IO: What is pio?

The parallel IO (PIO) library is included with CESM and is automatically built as part of the CESM build. CESM components use the PIO library to read and/or write data. The PIO library is a set of interfaces that support serial netcdf, parallel netcdf, or binary IO transparently. The implementation allows users to easily modify the pio setup on the fly to change the method (serial netcdf, parallel netcdf, or binary data) as well as various parameters associated with PIO to optimize IO performance.
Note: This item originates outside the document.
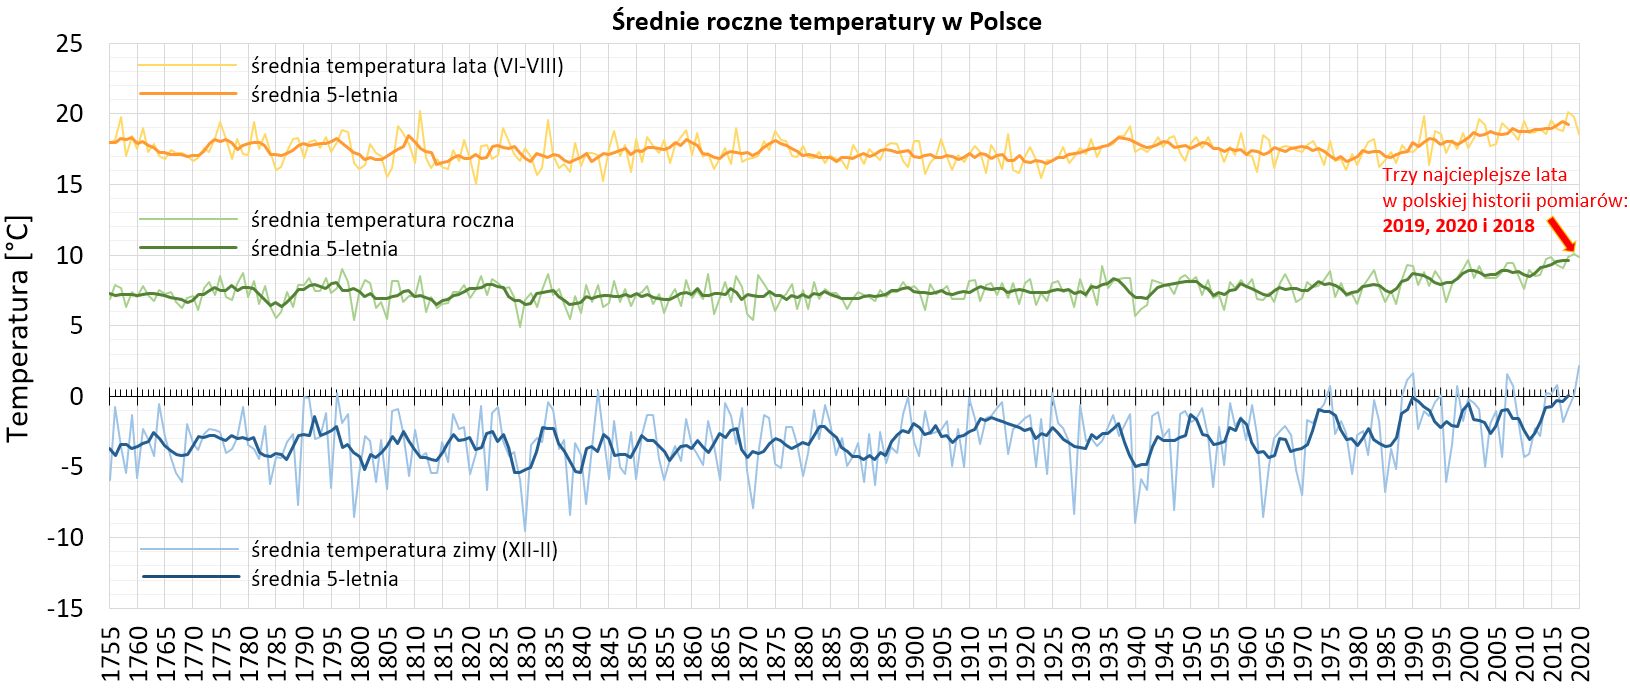 Wykres:  Zmiany temperatury na terytorium Polski

CESM prefers that data be written in CF compliant netcdf format to a single file that is independent of all parallel decomposition information. Historically, data was written by gathering global arrays on a root processor and then writing the data from the root processor to an external file using serial netcdf. The reverse process (read and scatter) was done for reading data. This method is relatively robust but is not memory scalable, performance scalable, or performance flexible.

PIO works as follows. The PIO library is initialized and information is provided about the method (serial netcdf, parallel netcdf, or binary data), and the number of desired IO processors and their layout. The IO parameters define the set of processors that are involved in the IO. This can be as few as one and as many as all available processors. The data, data name and data decomposition are also provided to PIO. Data is written through the PIO interface in the model specific decomposition. Inside PIO, the data is rearranged into a block decomposition on the IO processors and the data is then written serially using netcdf or in parallel using pnetcdf. There are several namelist options to control PIO functionality. Refer to the Parallel I/O (PIO) control variables in the env_run namelist documentation for details.

There are several benefits associated with using PIO. First, even with serial netcdf, the memory use can be significantly decreased because the global arrays are decomposed across the IO processors and written in chunks serially. This is critical as CESM runs at higher resolutions where global arrays need to be minimized due to memory availability. Second, pnetcdf can be turned on transparently potentially improving the IO performance. Third, PIO parameters such as the number of IO tasks and their layout can be tuned to reduce memory and optimize performance on a machine by machine basis. Fourth, the standard global gather and write or read and global scatter can be recovered by setting the number of io tasks to 1 and using serial netcdf.

CESM uses the serial netcdf implementation of PIO and pnetcdf is turned off in PIO by default. Several components provide namelist inputs that allow use of pnetcdf in PIO. To use pnetcdf, a pnetcdf library (like netcdf) must be available on the local machine and PIO pnetcdf support must be turned on when PIO is built. This is done as follows

  1. Locate the local copy of pnetcdf. We recommend version 1.3.1 (1.2.0 or newer is required)

  2. Set PNETCDF_PATH in the Macros file to the directory of the pnetcdf install (ie. /contrib/pnetcdf1.3.1/).

  3. Run the clean_build script if the model has already been built.

  4. Run the build script to rebuilt pio and the full CESM system.

  5. Change component IO namelist settings to pnetcdf and set appropriate IO tasks and layout.

There is an ongoing effort between CESM, pio developers, pnetcdf developers and hardware vendors to understand and improve the IO performance in the various library layers. To learn more about pio, see the pio documentation.